> **WORK TO BE COMPLETED**: When you return the data, keep every line exactly as it is and leave out the pictures.

> **DATASET CONTENT**:

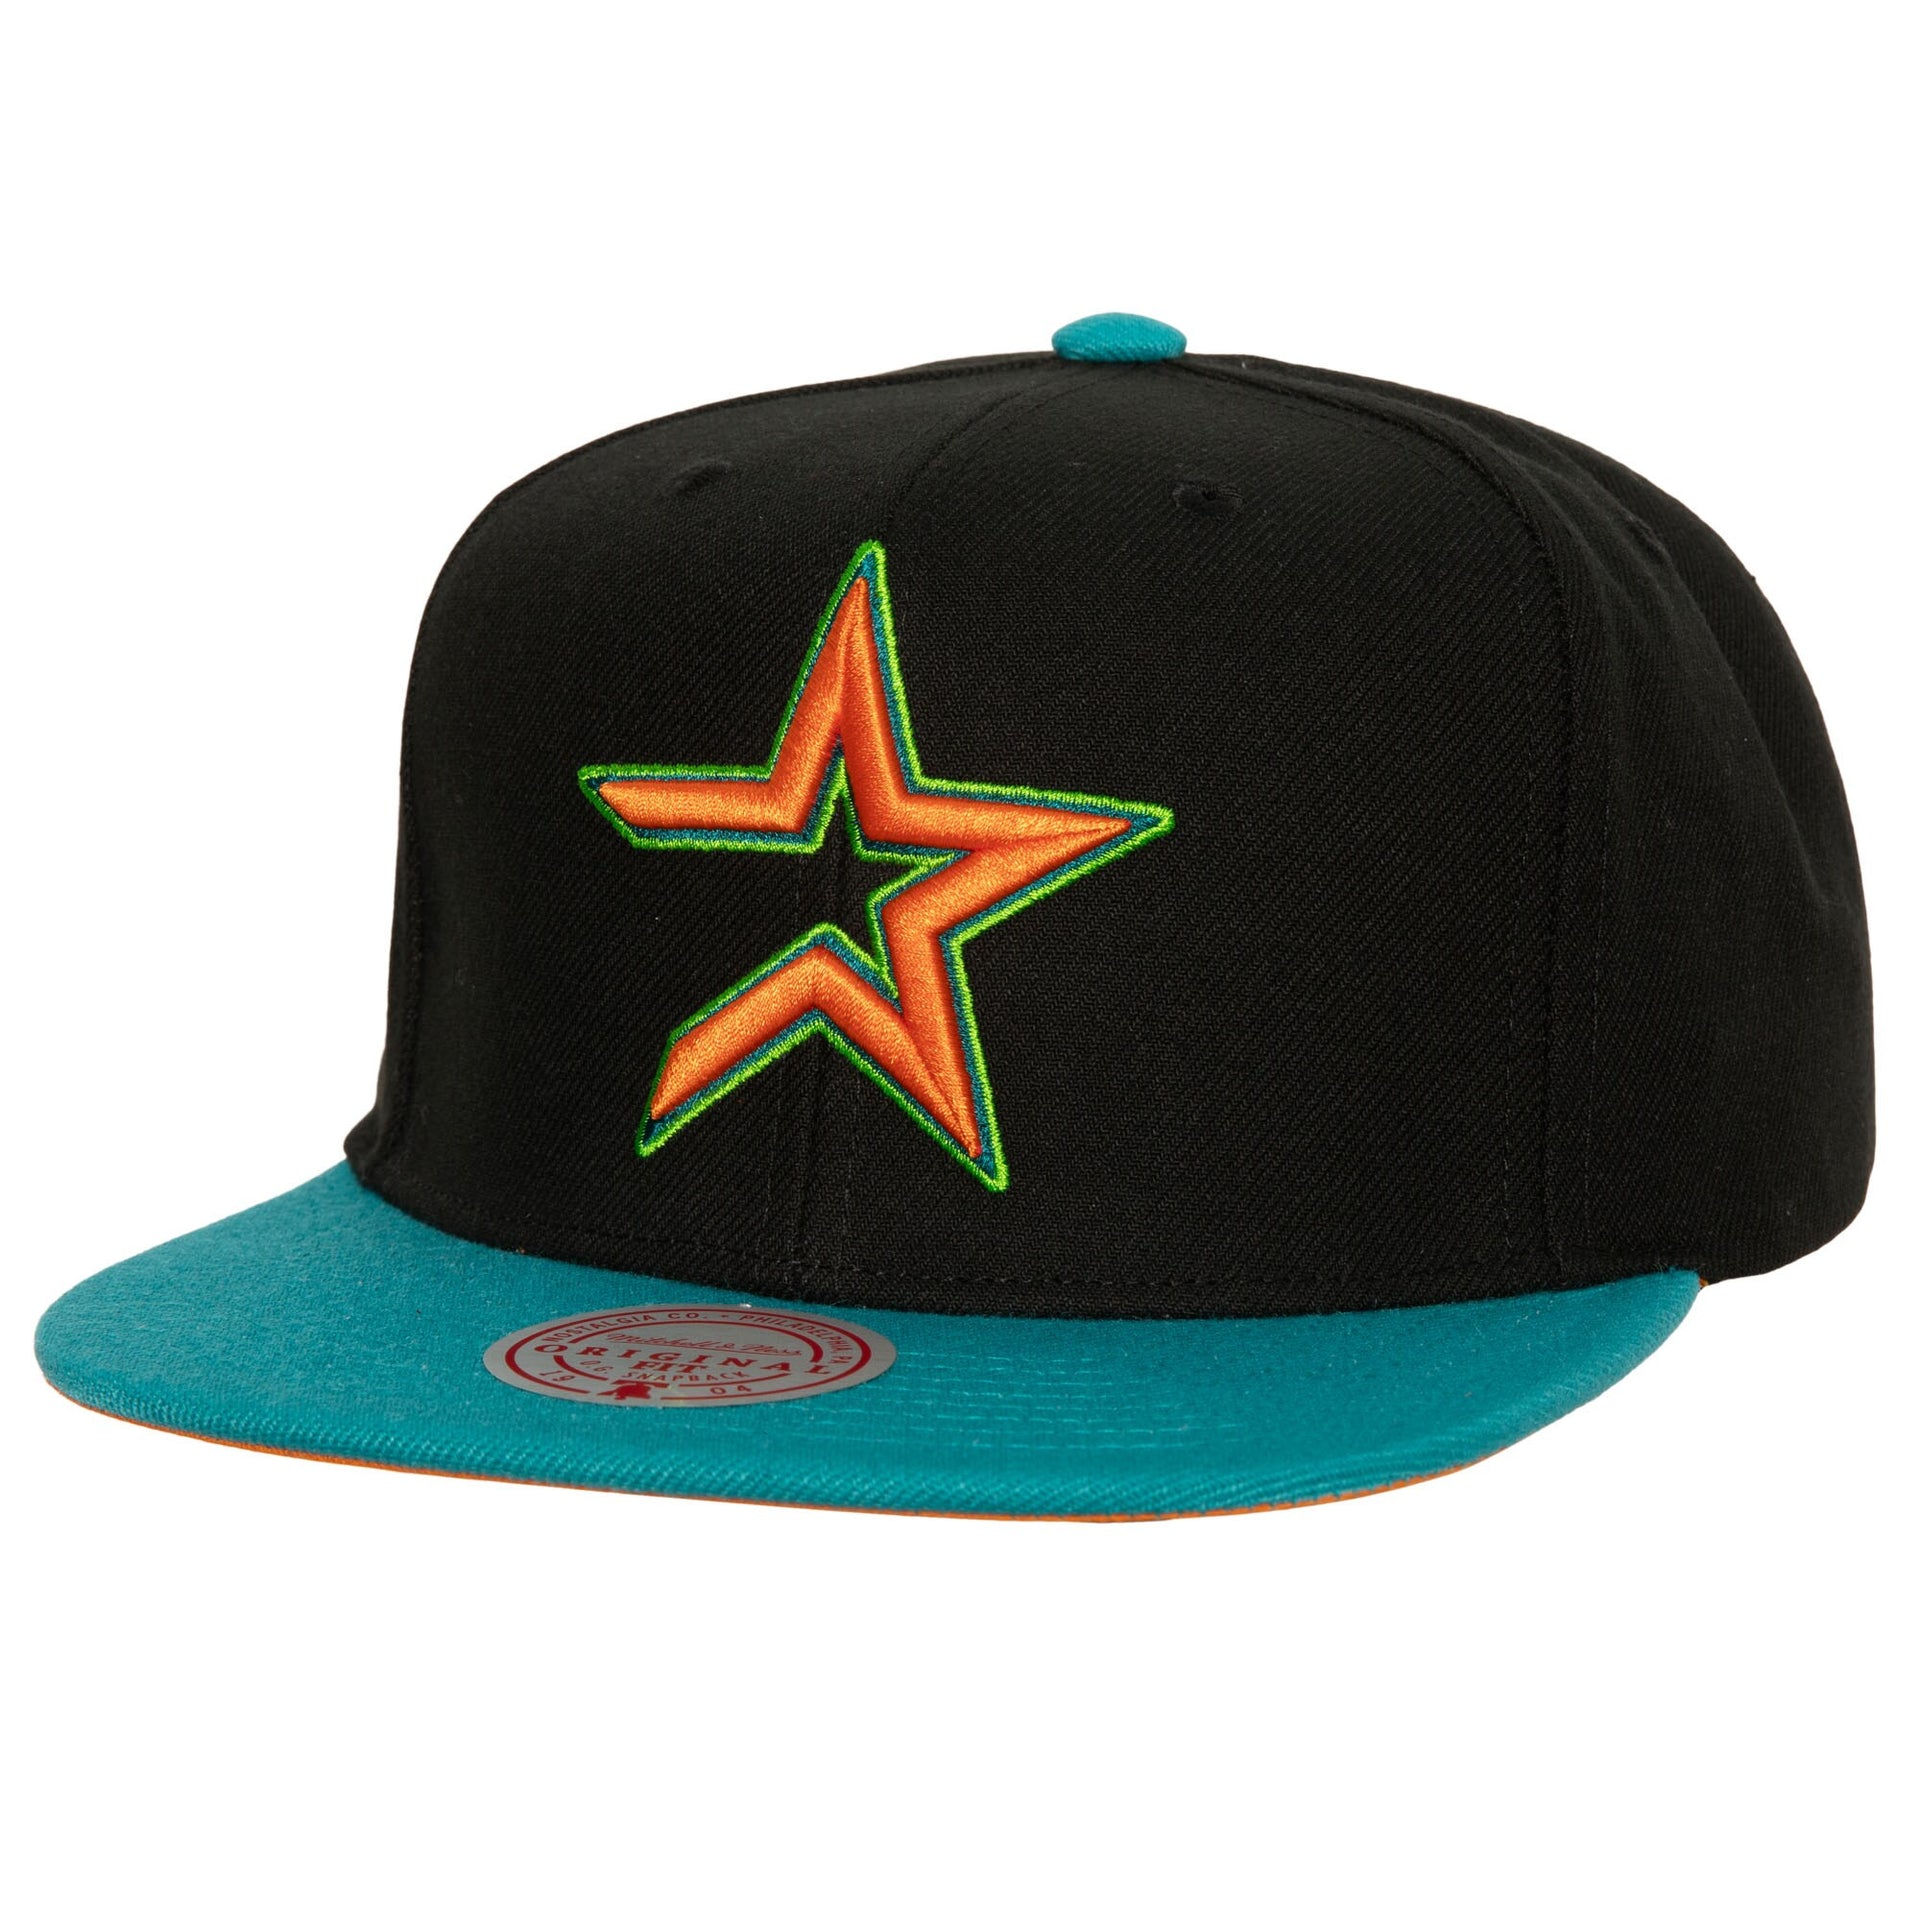 Men's Mitchell & Ness Black/Teal Oakland Athletics Citrus Cooler Snapback Hat
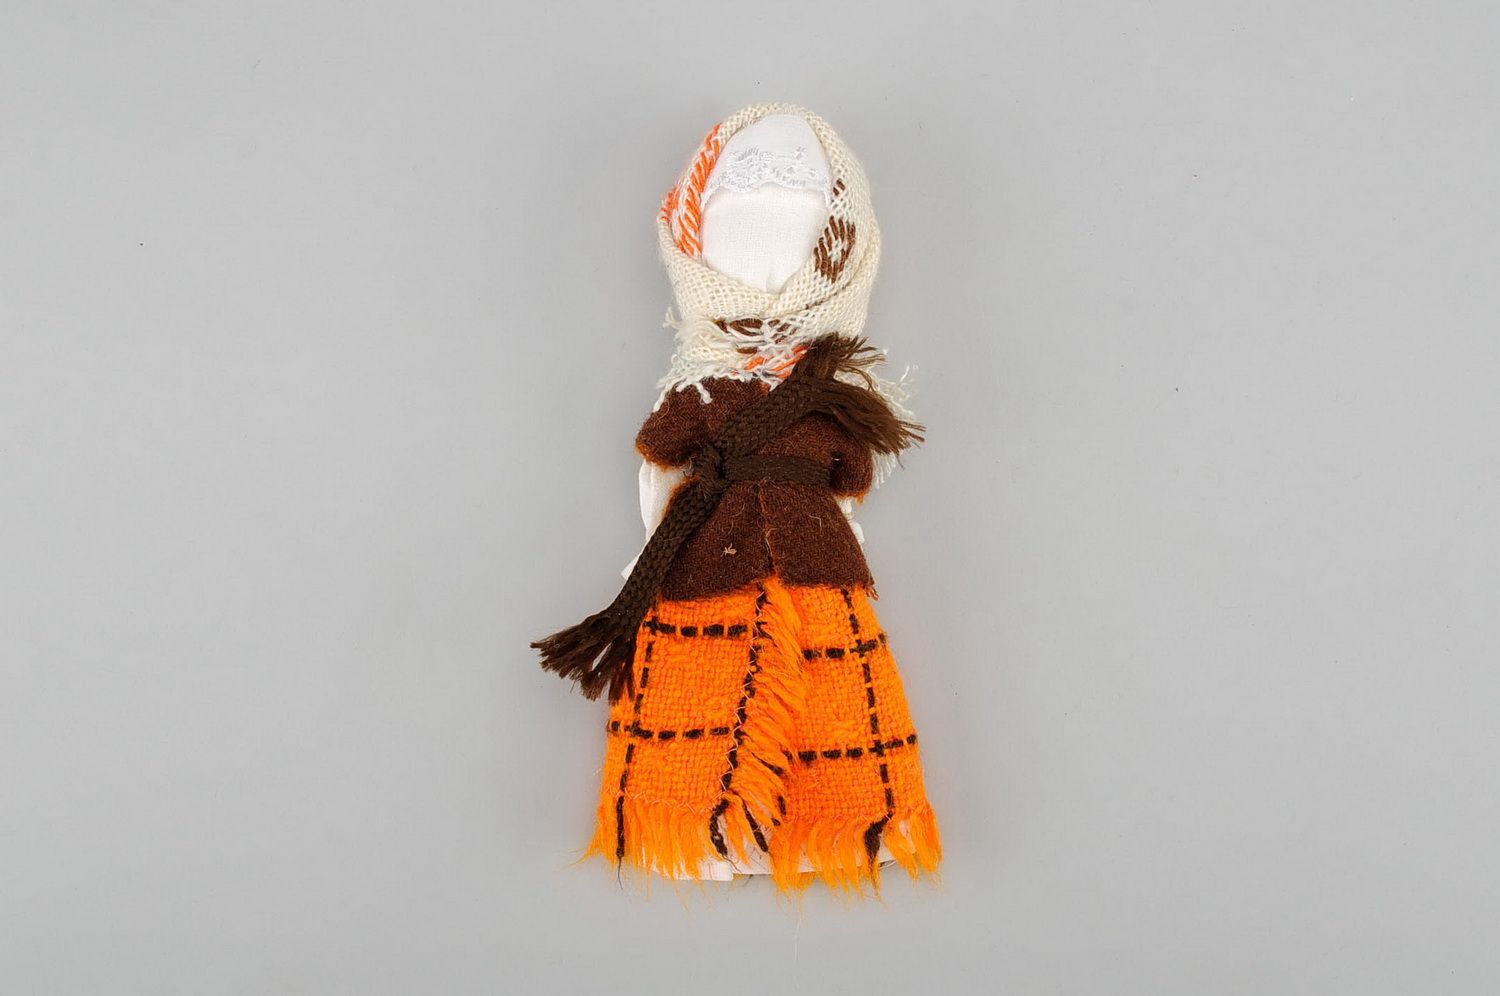 Motanka-poupée ethnique en tissu faite main photo 3
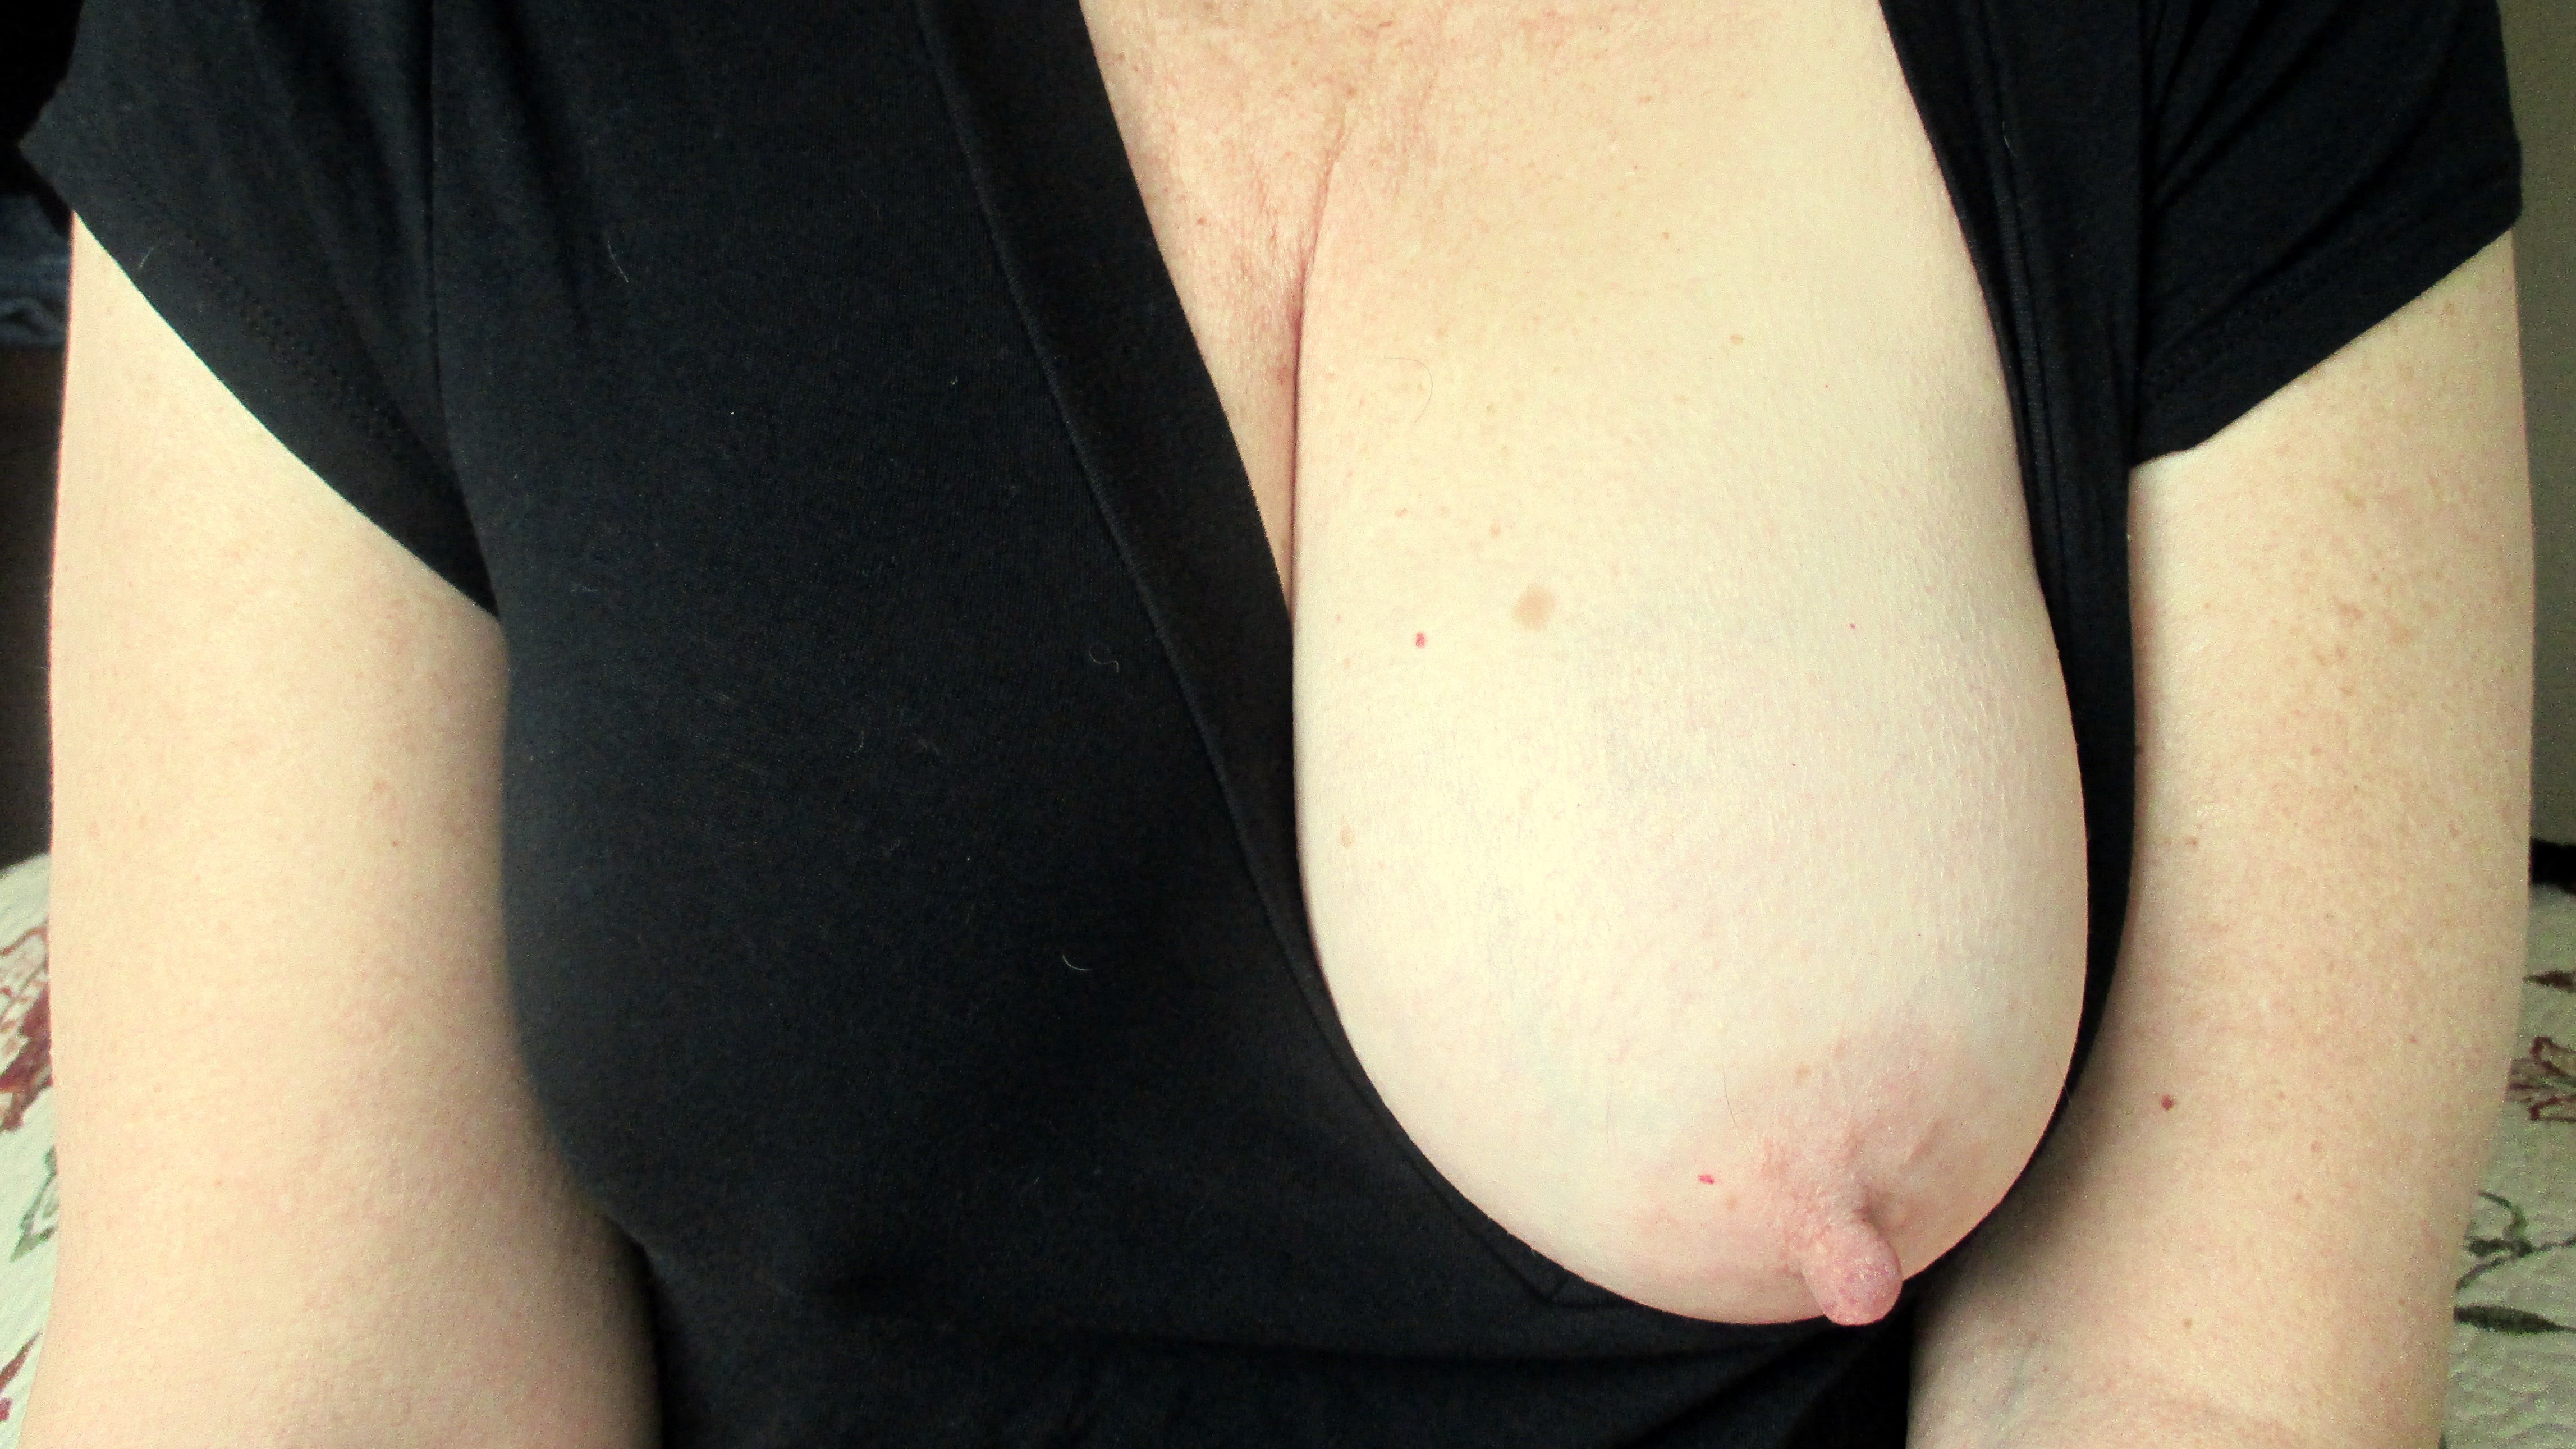 One boob photos since 2012.

> **RESULT**:
 Men's Mitchell & Ness Black/Teal Oakland Athletics Citrus Cooler Snapback Hat
 Motanka-poupée ethnique en tissu faite main photo 3
 One boob photos since 2012.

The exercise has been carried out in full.